Why Simple Wins argues that organizational complexity is self-inflicted — built up through unnecessary meetings, redundant processes, and anxiety-driven busywork. The book equips leaders and teams with concrete tools to eliminate complexity and reclaim capacity for meaningful work. It emphasizes that simplification requires deliberate subtraction: killing pointless rules, auditing time spent, and removing processes that don't add value. The core message is that the path back to work that matters starts with recognizing how organizations manufacture complexity through fear and miscommunication, then systematically removing it.
What is the calendar audit method in Why Simple Wins?
Audit one week of your calendar and classify every hour into two categories: work you were hired to do versus coordination, status updates, and administration. This simple exercise reveals how much time is consumed by non-core activities. As the book emphasizes, "the number will likely disturb you — and that's the starting point." The audit forces quantification of what most leaders have never measured. Once you see actual time allocation, you can justify meaningful change. This diagnostic step is critical because you cannot manage what you don't measure, and the awareness it creates precedes successful intervention.

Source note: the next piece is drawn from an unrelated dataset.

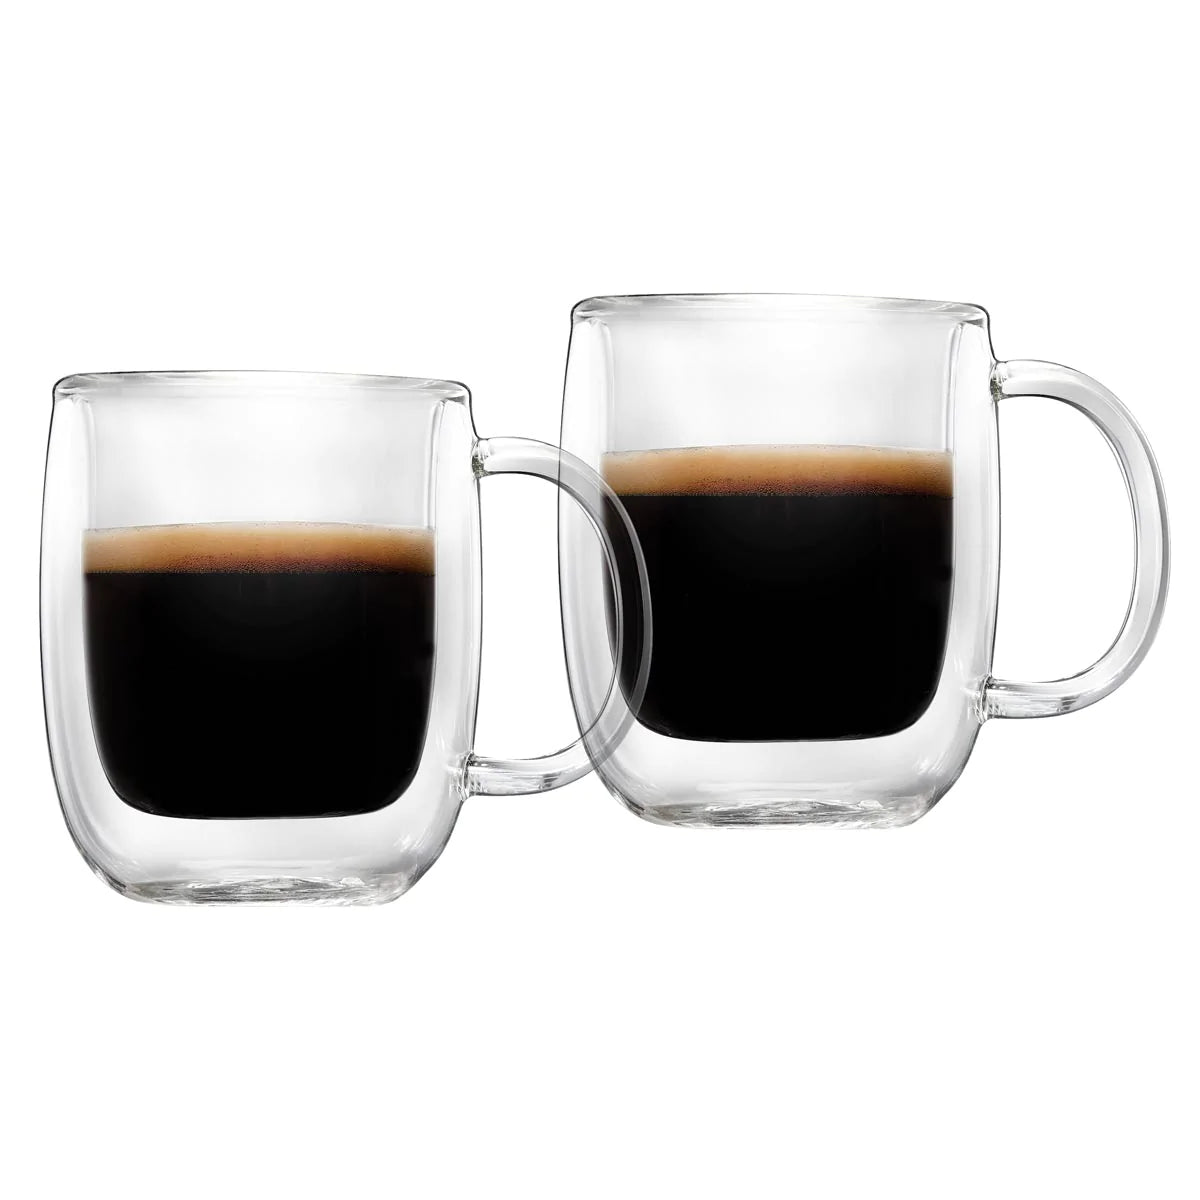 Tasses espresso à double paroi 80 ml, 2 unités, par Barista+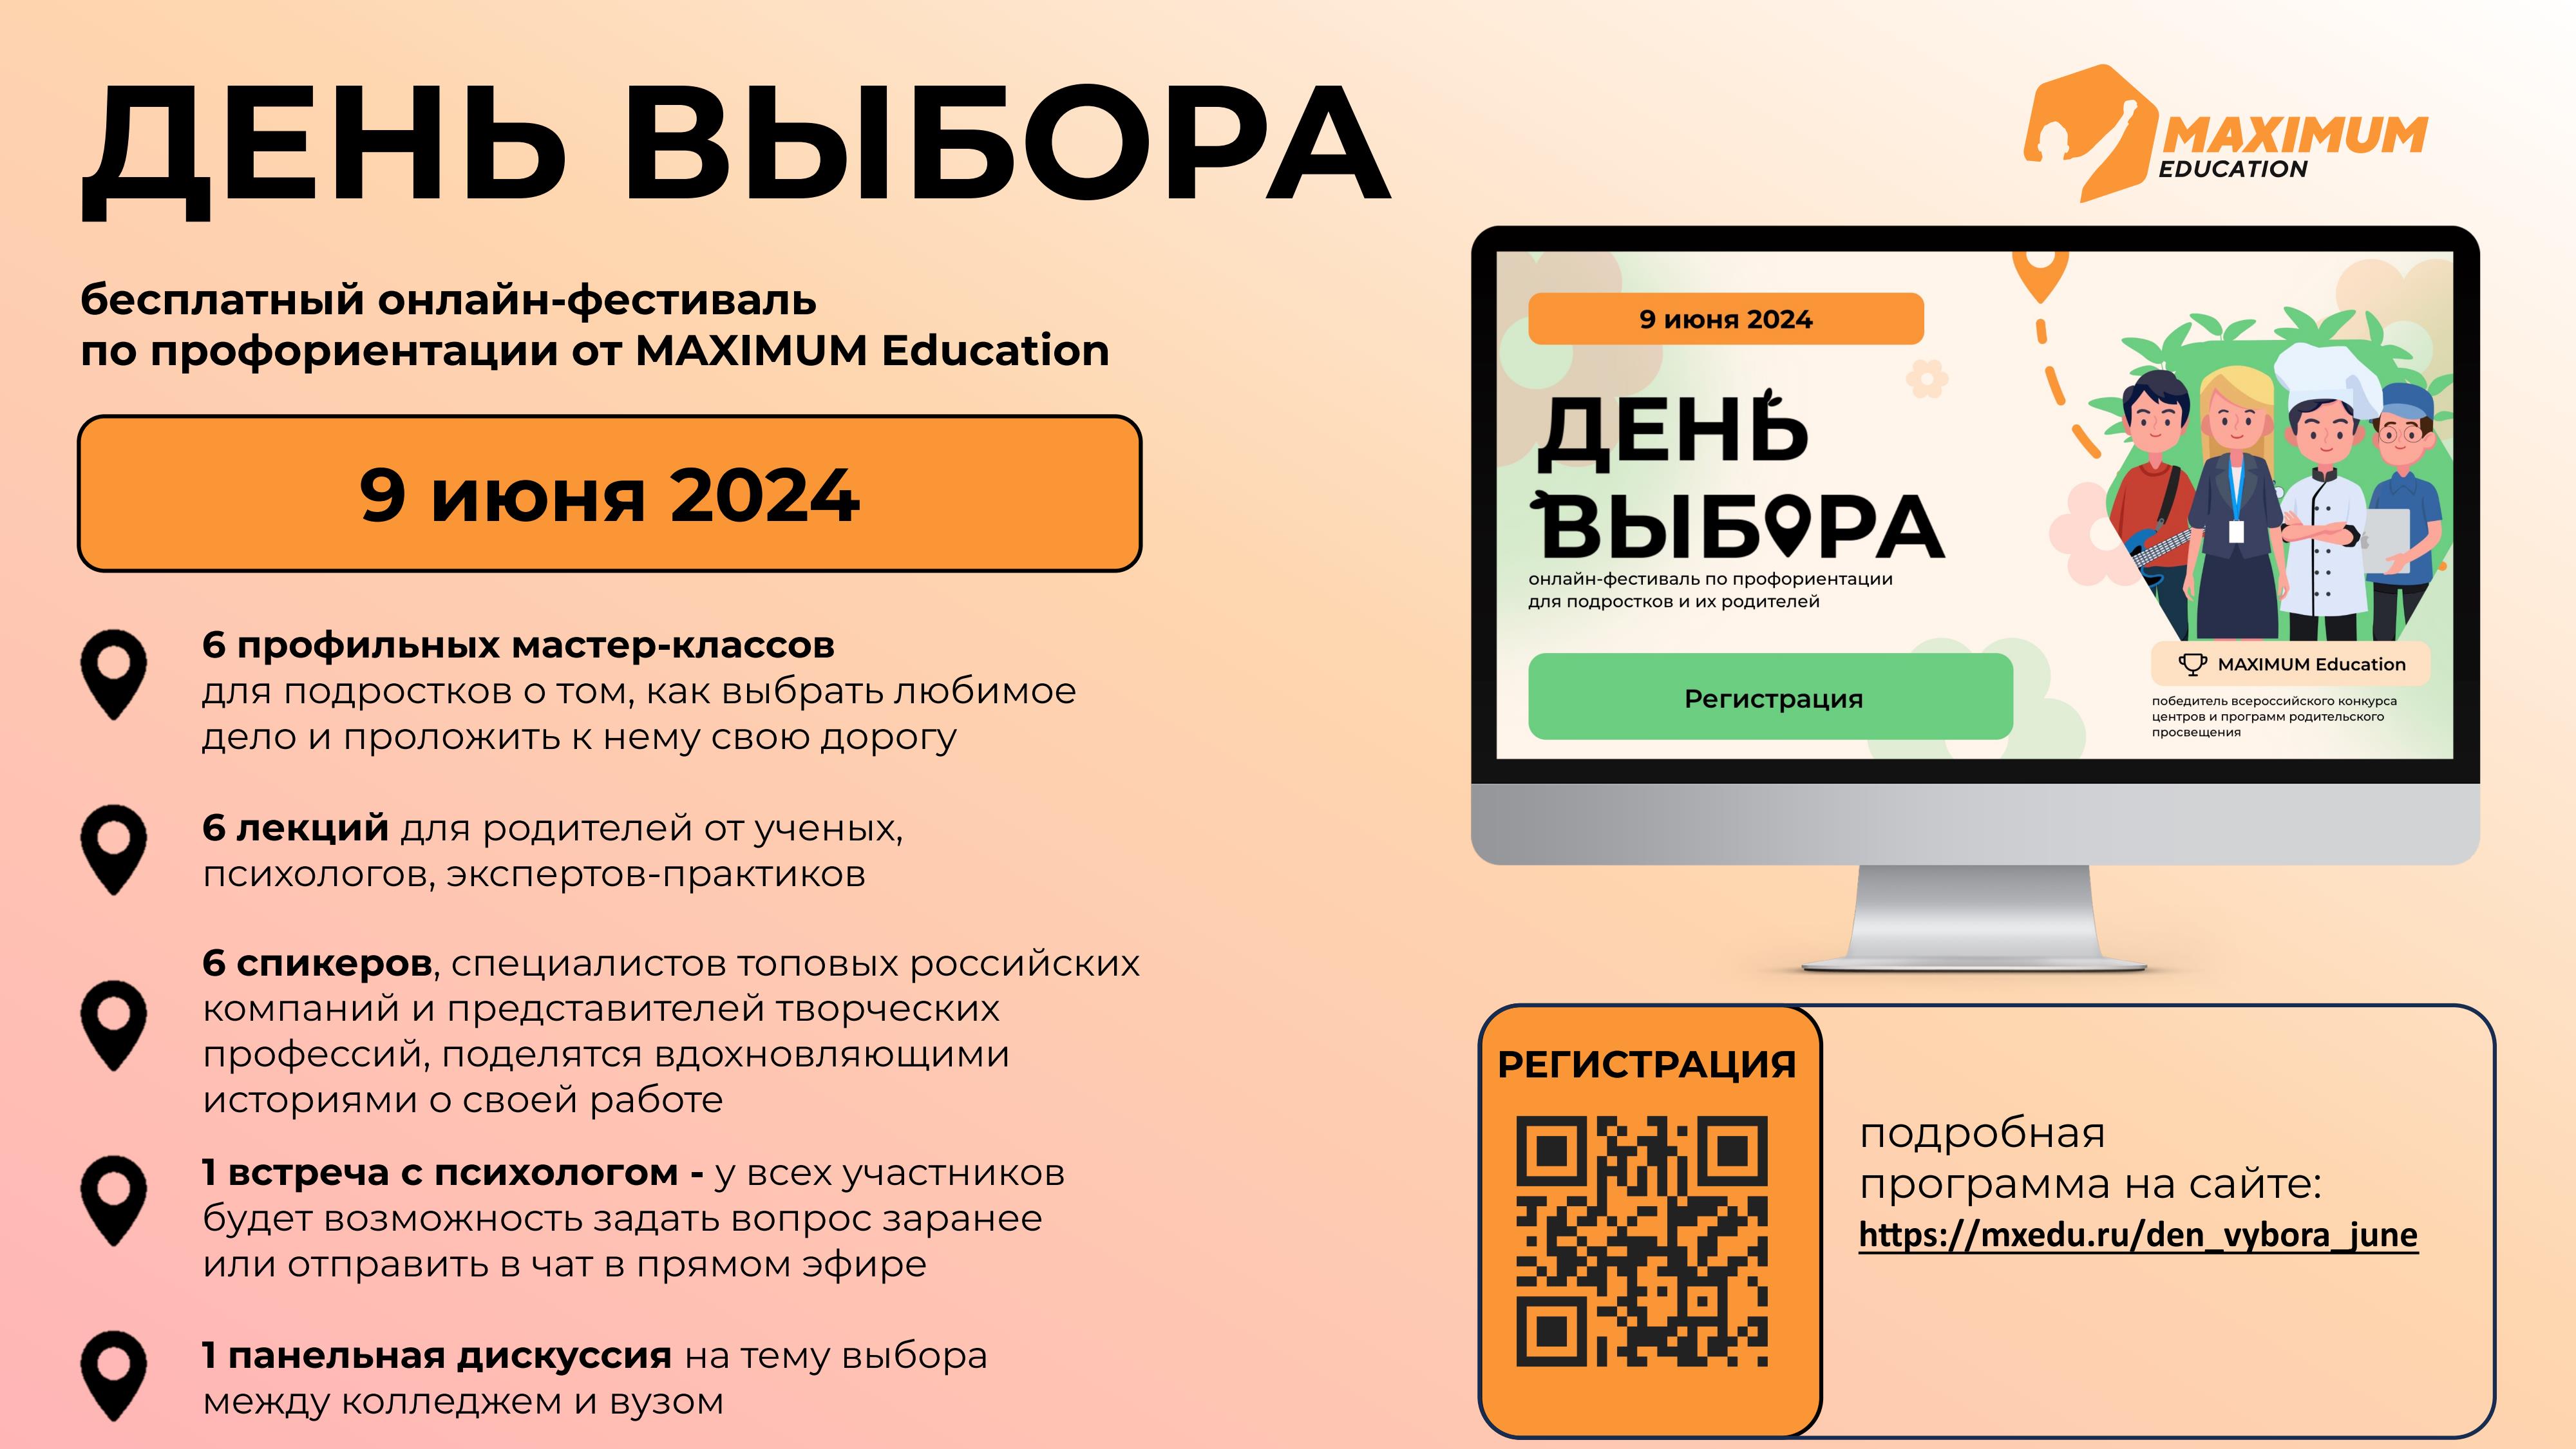 Всероссийский онлайн-фестиваль по профориентации «День Выбора». Фестиваль является бесплатным и будет полезен ученикам 5-11 классов и их родителям. Организатором мероприятия является MAXIMUM Education.

What tools does Why Simple Wins provide to eliminate workplace complexity?
Why Simple Wins offers several concrete techniques to systematize simplification. Apply a two-question meeting test: Could this be an email, and does every person actually need to be there? Run Kill a Stupid Rule sessions where teams identify processes slowing them down in 15 minutes. Plot time-consuming tasks on a complexity-versus-value matrix to identify high-complexity/low-value work for immediate elimination. Use the MURA test to verify that any process is Minimal, Understandable, Repeatable, and Accessible. These four tools transform simplification from abstract aspiration into measurable action.
How does fear drive organizational complexity according to Why Simple Wins?
Lisa Bodell identifies fear and anxiety as hidden drivers of organizational complexity, not process failures alone. She describes 'the fear signature' in behaviors like adding meetings to keep people informed, expanding presentations to 40 pages, and creating unsolicited reports. Bodell explains: "These aren't signs of diligence — they're complexity being manufactured by anxiety." She stresses that before launching any simplification effort, leaders must explicitly name what freed-up capacity will be redirected toward. Without this clarity, people assume simplification means job cuts. Recognizing fear as the root cause shifts focus from processes to psychology.